TROY – On Wednesday, the Miami County Bugle Caller (MCBC) announced that hundreds of employees would be laid off by the end of March, reducing the total employee count to 4.
MCBC’s co-founder and CEO, Davis Wong, announced that the company needed to make drastic changes in order to afford website fees and weekly employee wages of $2 a piece.
“Look, the money is just down this year. When Miami County Singles was shut down in an FBI sting operation, we lost our biggest source of ad revenue. We’ve done our best to stay afloat, but it’s pretty hard to swim without money,” said Wong.
In spring of 2020, a large media conglomerate offered 3 million dollars to purchase the Miami County Bugle Caller, but the offer was immediately rejected. According to the article, MCBC executives did not even bother to inform the lawyers before declining the offer, as “such a small amount of money would never be enough to hand over the keys to Miami County’s most trusted source in the news.” Today, the company is nearly bankrupt.

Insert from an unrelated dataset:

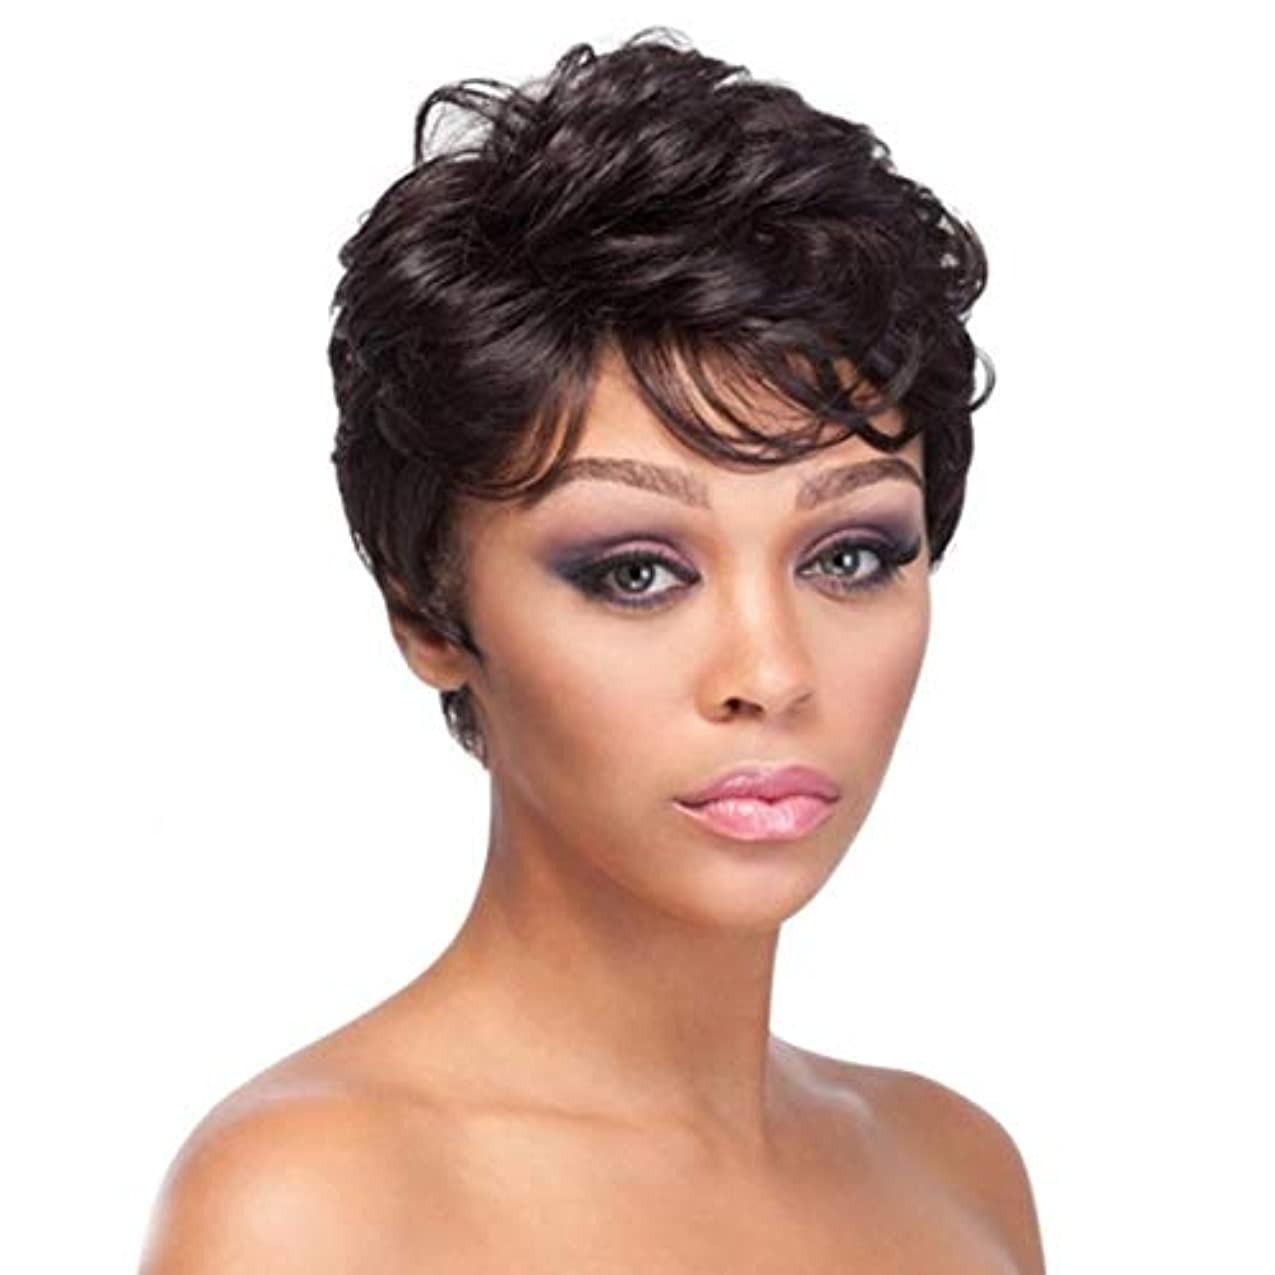 抑圧者近傍植物学者Kerwinner 女性のための短い巻き毛のかつら前髪合成繊維のかつらでかつらかつら

Reports also indicate that the Miami County Bugle Caller brought in over 2 million dollars in ad revenue in 2019. Employees are now wondering what happened to these profits, and why the company tanked so quickly.
Former MCBC accountant, Nelson McBrunner, stated that he found receipts for numerous trips to Hard Balls Casino, many of which included expenses of over $50,000 on cocktails and slot machines.
“I showed the receipts to numerous Bugle Caller executives who told me to go back to my cubicle and find something better to do. I was fired within the week,” said McBrunner. Now, he is suing the Bugle Caller for unlawful termination, in a suit that could land him nearly $500,000 if successful.
“Even before the Bugle Caller, people thought our websites were a complete joke. When they came in and started actively making fun of us, that hurt even more,” said Tim Huston of Miami Valley Today. “We even posted our annual website stats on their Facebook posts in an attempt to stand our ground, but we quickly realized that the Bugle Caller was miles ahead of us in all of those metrics. So if they close doors, that’s nothing but great news for us.”
With the restructuring, the publication will undergo significant changes to content generation, largely relying on a team of “community contributors” that will reduce costs to virtually zero. These efforts will largely help to line the pockets of MCBC’s mysterious chairman of the board, who has never been able to be reached for questioning, and owns a majority stake in the publication.